Step 3: Fix the circles one by one as follows:

3.0) Start each time with Helper A and Helper B's minds in either their own or each other's bodies

3.1) Pick any circle of messed-up people you like and unwrap it into a line with whoever you like at the front

3.2) Swap the mind at the front of the line into Helper A's body

3.3) From back to front, have everybody in the line swap minds with Helper B's body in turn. (This moves each mind in the line, apart from the front one, forward into the right body. The last switch puts Helper A's mind into Helper B's body.)

3.4) Swap the mind in Helper A's body back where it belongs, into the body at the back of the line. This puts Helper B's mind in Helper A's body. Now the circle/line has been completely fixed. The one side effect is that for each time a circle is fixed, the Helpers' minds will switch places, but that's OK, see below

Step 4: At the very end, after all the circles have been fixed, mind-swap the two Helpers if necessary (i.e., in case there was originally an odd number of messed-up circles)

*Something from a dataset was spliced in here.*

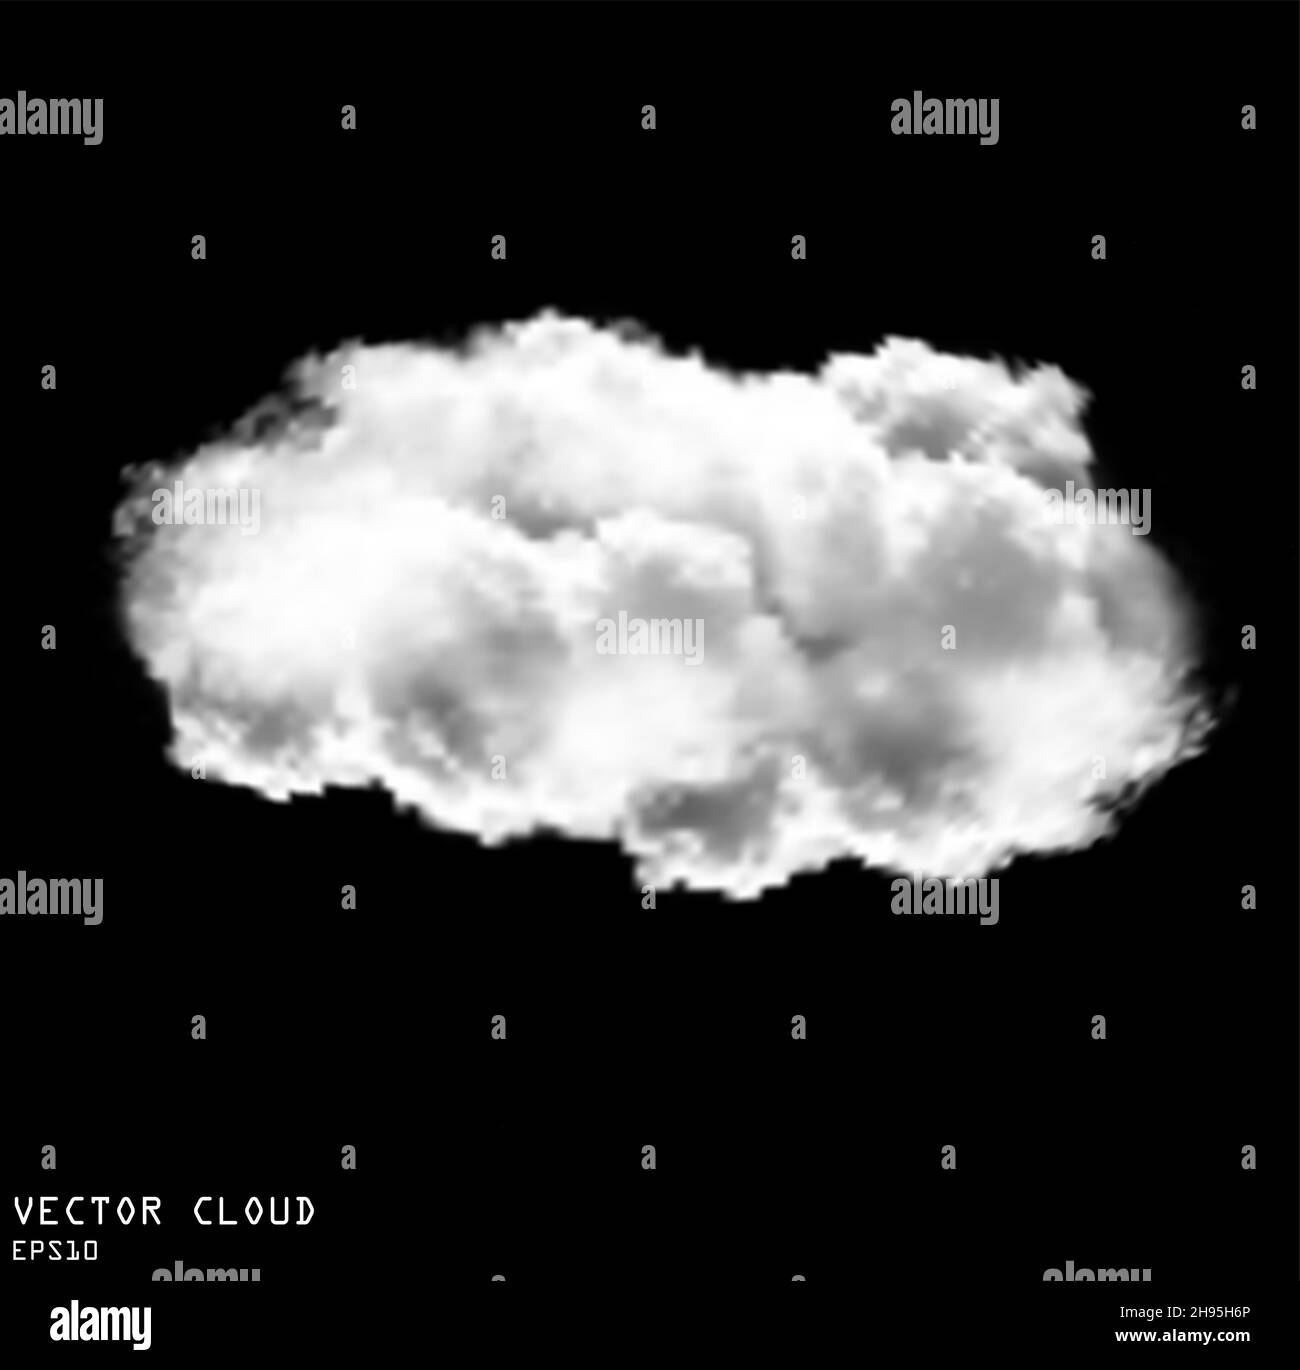 Clouds vector realistic cloud shape illustration, white fluffy cloud isolated over solid black background Stock Vector

Note: This is not the exact algorithm used in the show. This algorithm sets i = 1 in the proof provided by the show, whereas you could actually set i to be any number from 1 to k. This algorithm also reverses the order of the final two switches in the provided proof. Explained simply, the provided proof's exact method for fixing any circle is this: Helper A could switch in turn back-to-front, stopping at any point in the circle. Then Helper B would switch back-to-front through the remainder of the circle, Helper A would then switch with the first member of Helper B's arc, and Helper B would then switch with the first member of Helper A's arc.